Head CT may be normal or show hypodense regions. Cranial MRI, the imaging study of choice, typically exhibits large, multifocal and sometimes confluent or tumefactive T2 lesions with variable enhancement within white and often gray matter of the cerebral hemispheres, cerebellum, and brainstem (Fig. 593-2). Deep gray matter structures (thalami, basal ganglia) are often involved although this may not be specific to ADEM. Spinal cord may have abnormal T2 signal or enhancement, with or without clinical signs of myelitis. MRI lesions of ADEM typically appear to be of similar age but their evolution may lag behind the clinical presentation. Serial MRI imaging 3-12 mo following ADEM shows improvement and often complete resolution of T2 abnormalities although residual gliosis may remain.

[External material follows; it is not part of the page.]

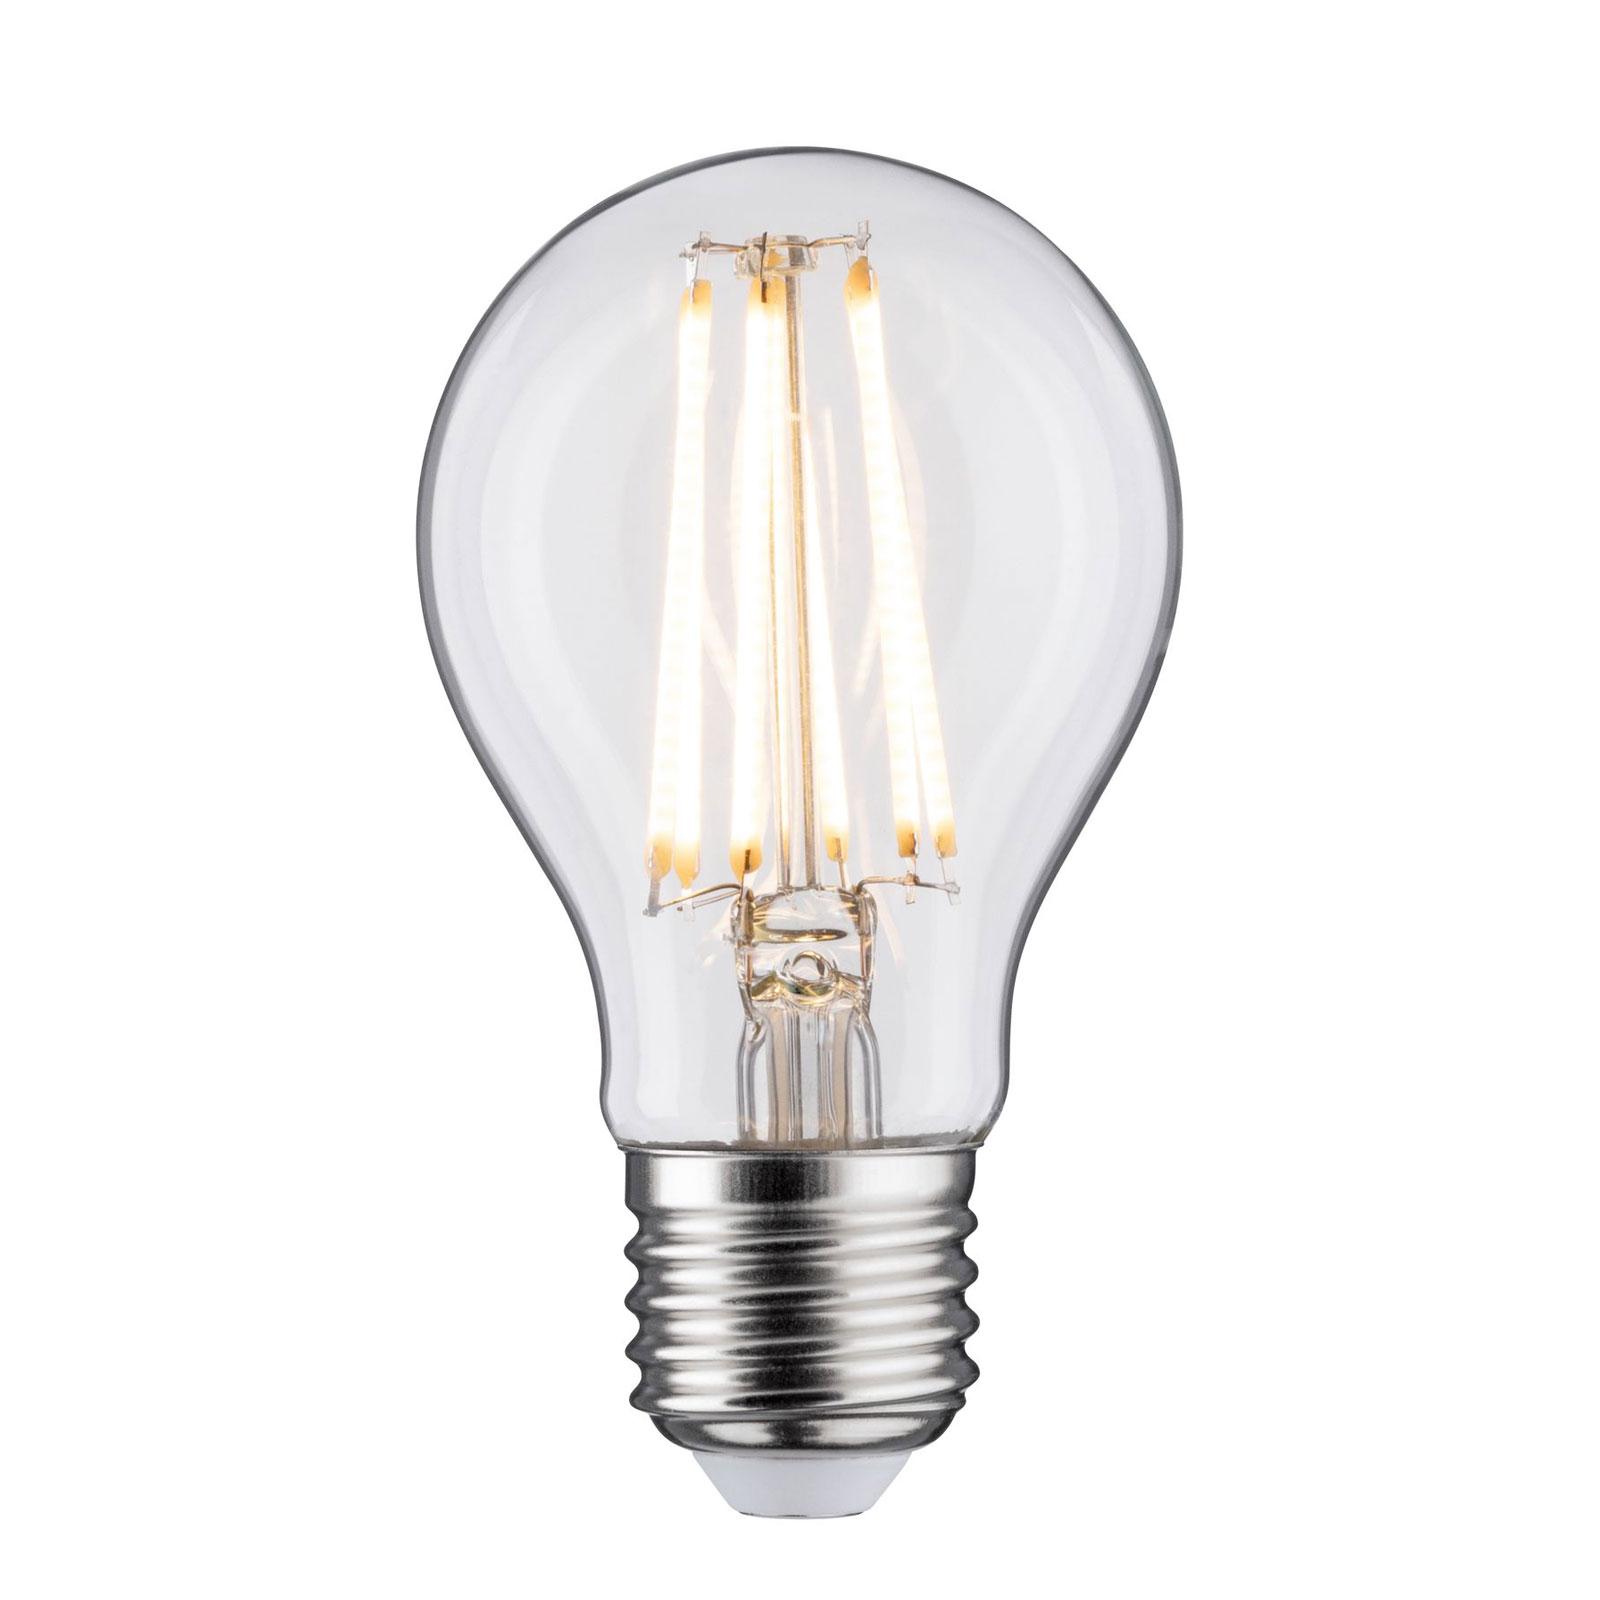 LED-pære E27 9 W Filament 2700K klar

Figure 593-2 Axial T2-weighted FLAIR MRI of the brain in a child with acute disseminated encephalomyelitis (ADEM). High signal (white) lesions in the T2-weighted image reflect areas of demyelination and edema in deep subcortical and periventricular white matter as well as the basal ganglia and thalamus on the left side.

Laboratory Findings

There is no biologic marker for ADEM and laboratory findings can vary widely. CSF studies often exhibit pleocytosis with lymphocytic or monocytic predominance. CSF protein can be elevated, especially in repeat studies. Up to 10% of ADEM have oligoclonal bands in the CSF and/or elevated CSF immune globulin production. Electroencephalograms (EEG) often show generalized slowing, consistent with encephalopathy, although polyregional demyelination of ADEM can also cause focal slowing or epileptiform discharges.

Differential Diagnosis

The differential diagnosis for ADEM is broad but can be narrowed by careful history, appropriate laboratory evaluations, and MRI. Empirical antibiotic and antiviral treatment should be considered while infectious evaluations are pending. Follow-up MRI examinations 3-12 mo after ADEM should show improvement; new or enlarging T2 lesions should prompt re-evaluation for other etiologies such as MS, leukodystrophies, tumor, vasculitis, or mitochondrial, metabolic, or rheumatologic disorders (see Table 593-3).

Treatment

Although there are no randomized controlled trials to compare acute treatments for ADEM or other demyelinating disorders of childhood, high dose intravenous steroids are commonly employed (typically methylprednisolone 20-30 mg/kg per day for 5 days with a maximum dose of 1,000 mg per day). An oral prednisone taper over 1 mo may prevent relapse. Other treatment options include intravenous immune globulin (IVIG; usually 2 g/kg administered over 2-5 days) or plasmapheresis (typically 5-7 exchanges administered every other day). There is no consensus about timing of these treatments for ADEM.

Prognosis

Many children experience full recovery after ADEM but some are left with residual motor and/or cognitive deficits. ADEM is usually a monophasic illness but demyelinating symptoms can fluctuate for several months. Repeated bouts of demyelination more than 3 mo after ADEM later raise the question of MS versus repeated ADEM.